Le rejet des amendements du gouvernement par l'Assemblée nationale, suivi de l'adoption des propositions issues des concertations et des Assises nationales, constitue un fait politique majeur. Au-delà du contenu des textes, il invite à une réflexion sur le fonctionnement de nos institutions.
Dans ces conditions, l'hypothèse d'un référendum soulève une question de principe : pourquoi consulter à nouveau le peuple alors que ses représentants, élus au suffrage universel, se sont déjà clairement prononcés ?

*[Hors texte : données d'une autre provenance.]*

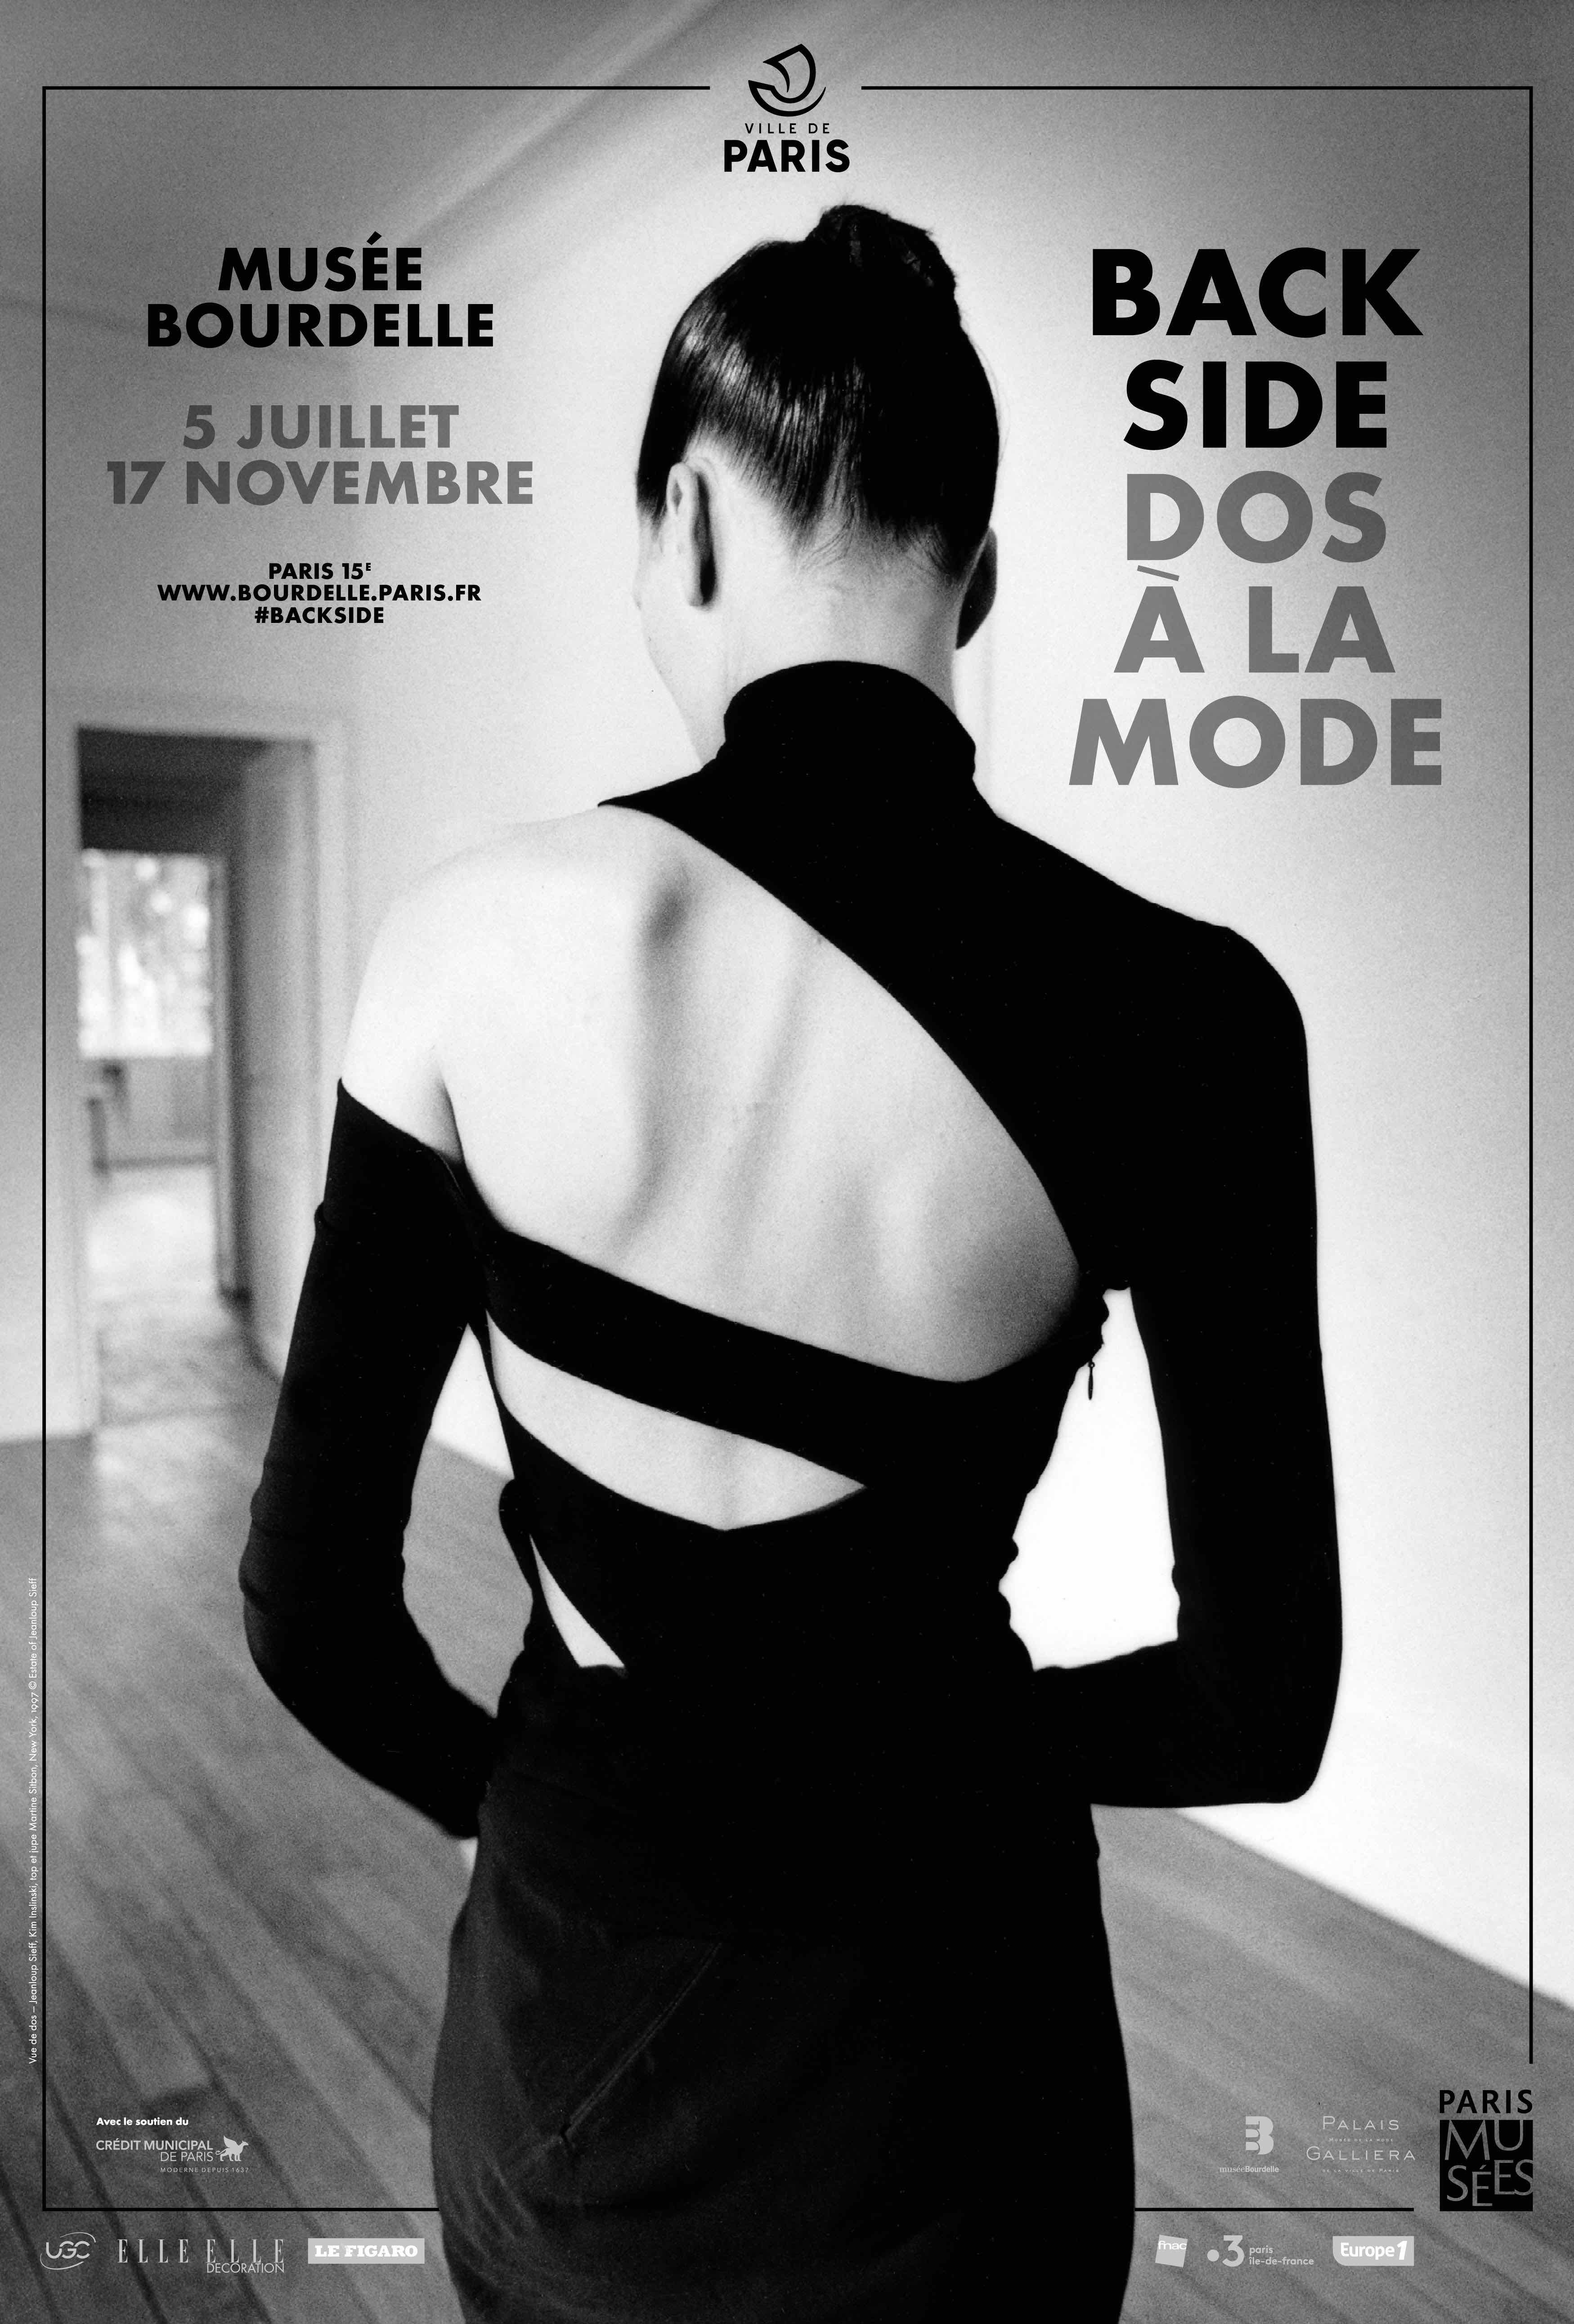 BACK SIDE - Dos à la Mode : Show at Musée Bourdelle opens on 5th July.
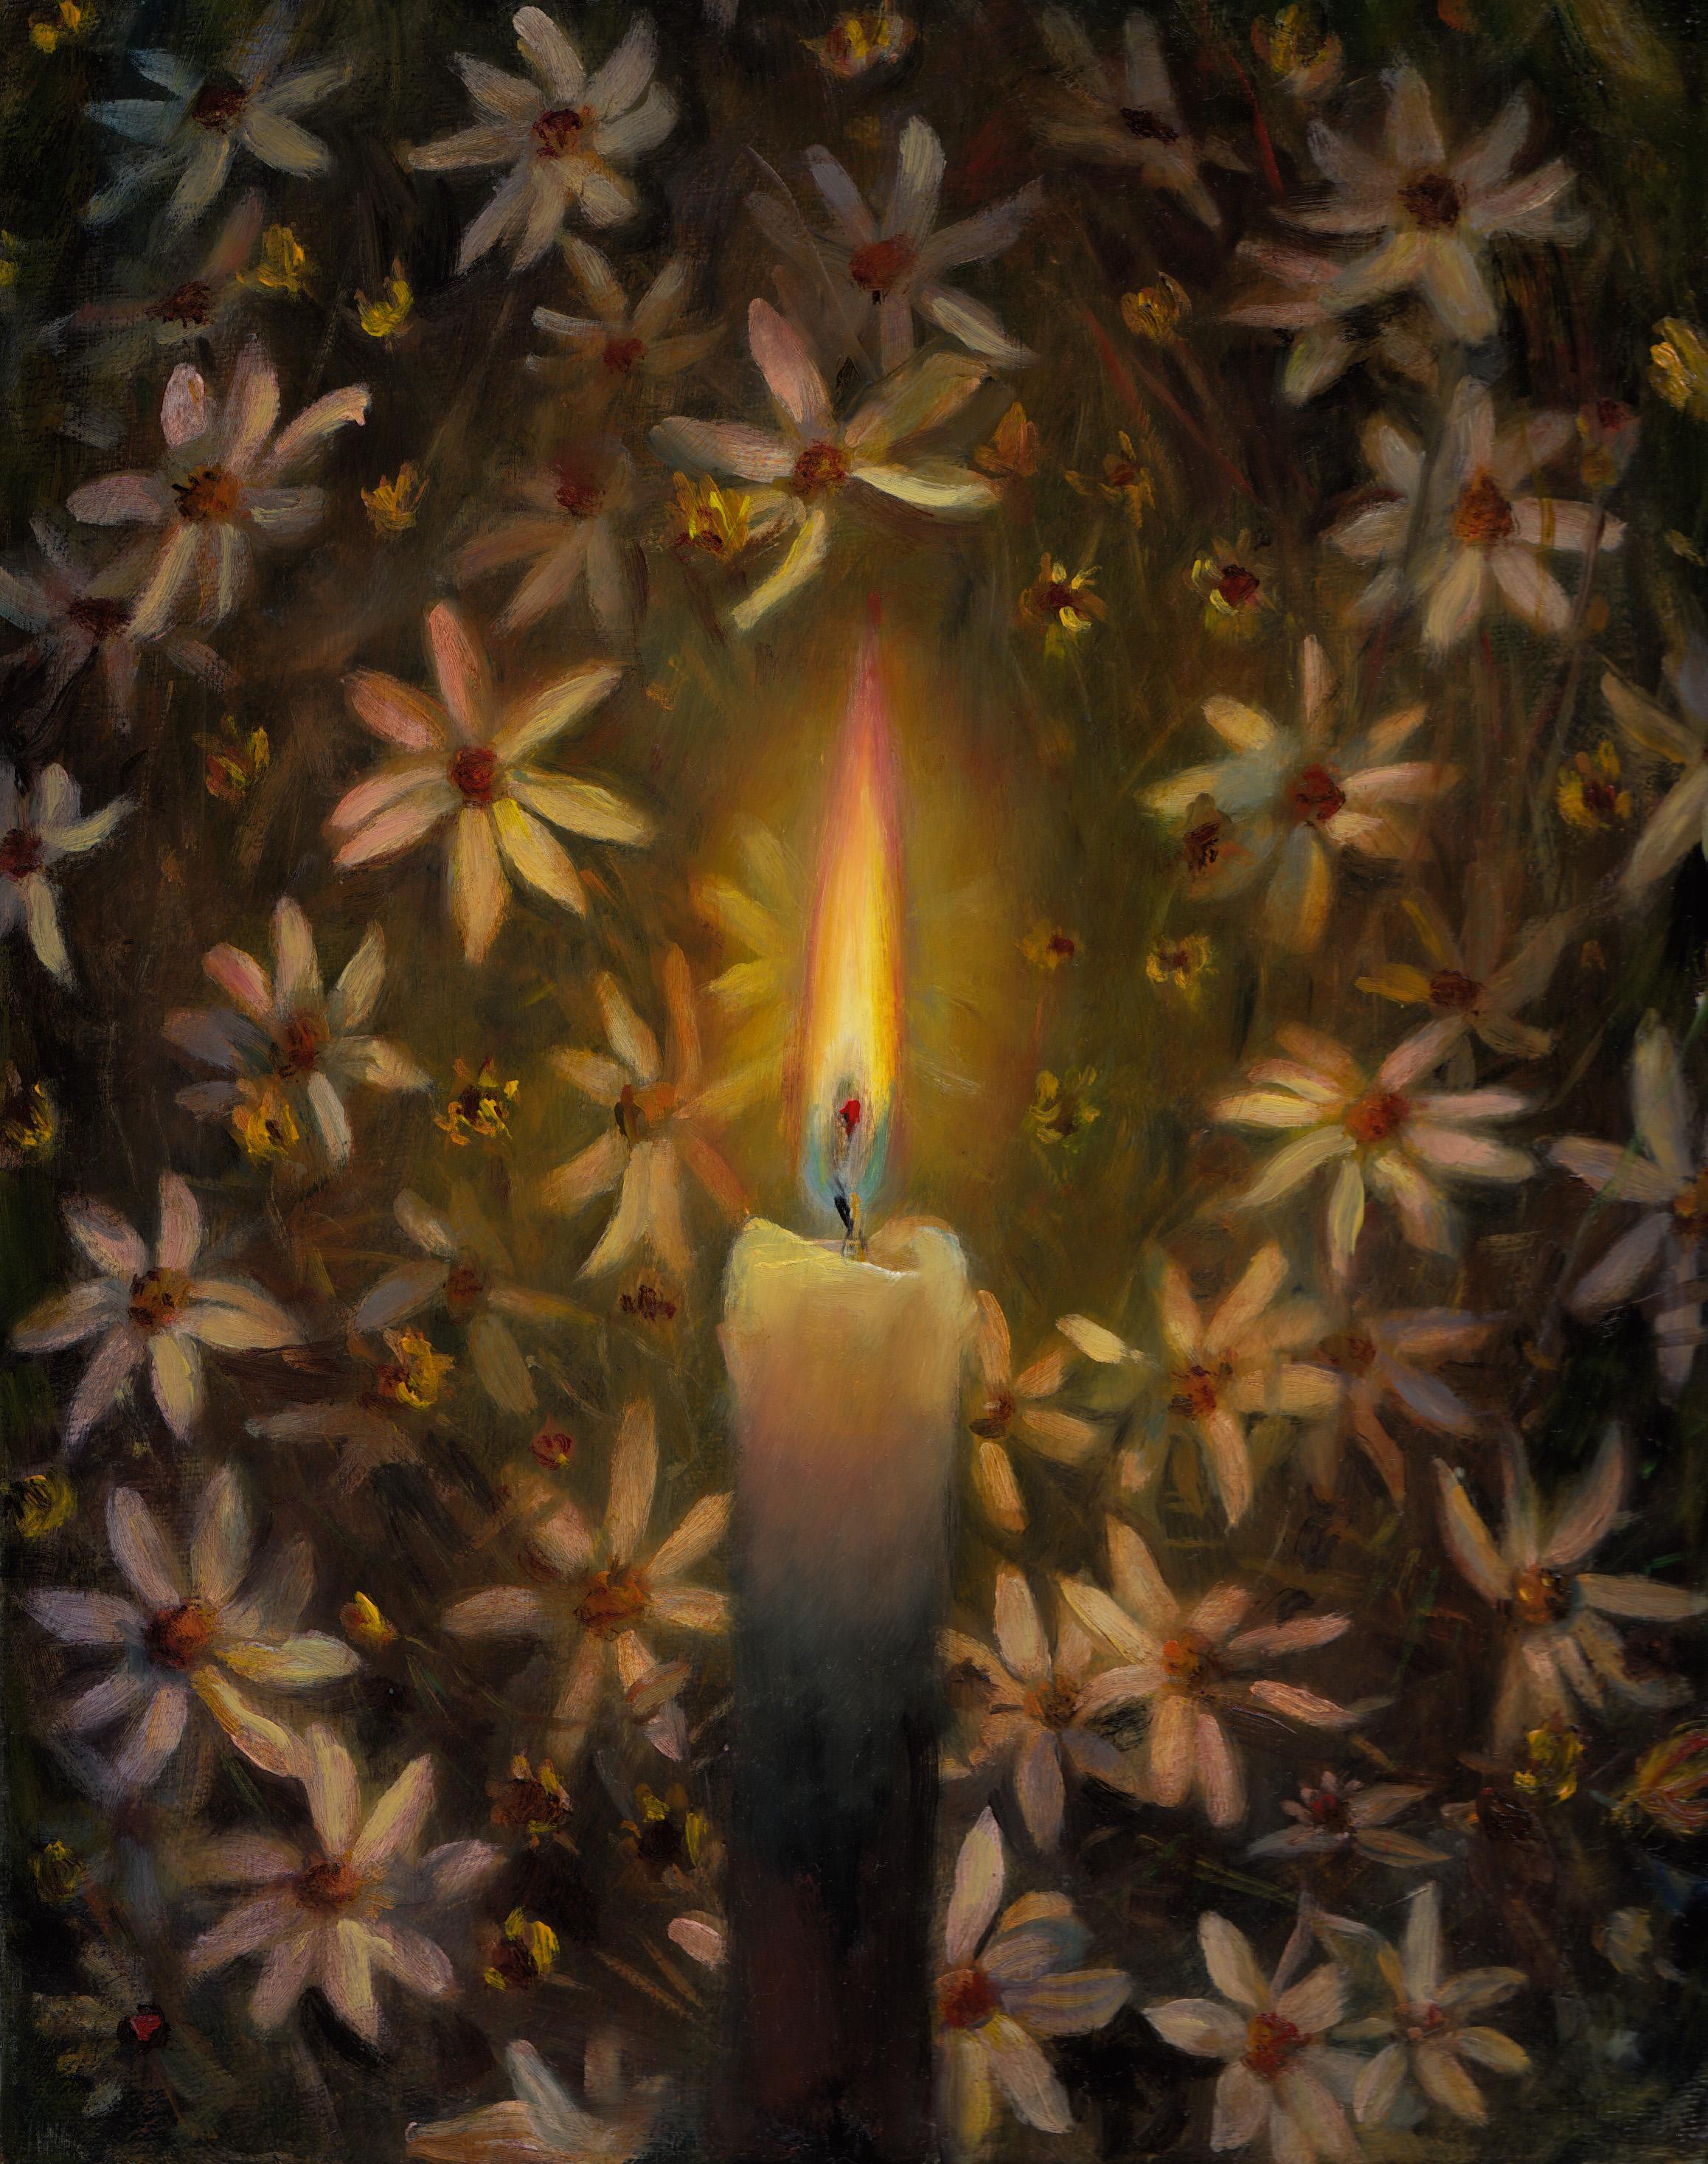 TM Davy, 'Candela – Daisies'. Courtesy the artist

Certes, la Constitution peut prévoir le recours au référendum sur certaines questions. Le peuple demeure le souverain. Mais la démocratie ne repose pas uniquement sur l'expression directe de cette souveraineté. Elle s'appuie également sur les institutions que le peuple met en place pour exercer cette souveraineté de manière permanente, au premier rang desquelles figure l'Assemblée nationale.
Dès lors, une interrogation mérite d'être posée : un référendum serait-il destiné à résoudre une véritable impasse institutionnelle ou à rechercher une légitimité populaire différente de celle exprimée par le Parlement ?
Si le référendum permet de trancher une question d'intérêt national dans le respect de la Constitution, il peut renforcer la légitimité d'une réforme. En revanche, s'il est perçu comme un moyen de revenir sur une décision parlementaire défavorable, il pourrait ouvrir un débat sur l'équilibre entre démocratie représentative et démocratie directe.
L'enjeu dépasse donc le contenu de la réforme. Il concerne la place des institutions dans notre République. L'Assemblée nationale est-elle appelée à être le lieu privilégié de la décision politique, ou ses choix peuvent-ils être systématiquement remis en discussion lorsqu'ils ne correspondent pas à la position de l'exécutif ?
Inversement, si un référendum confirmait la position du pouvoir, celui-ci bénéficierait d'une légitimité populaire directe. Mais cette issue soulèverait à son tour une question : quel précédent créerait-elle pour les relations futures entre le pouvoir exécutif et le Parlement ?
Ces interrogations ne remettent en cause ni la souveraineté du peuple ni la légitimité des institutions. Elles invitent simplement à réfléchir à la manière de concilier ces deux exigences, afin de préserver l'équilibre des pouvoirs, la stabilité institutionnelle et la confiance des citoyens dans notre démocratie.
Le véritable défi n'est peut-être pas de savoir qui détient la légitimité, mais comment faire coexister harmonieusement la légitimité populaire, la légitimité parlementaire et le respect de l'État de droit.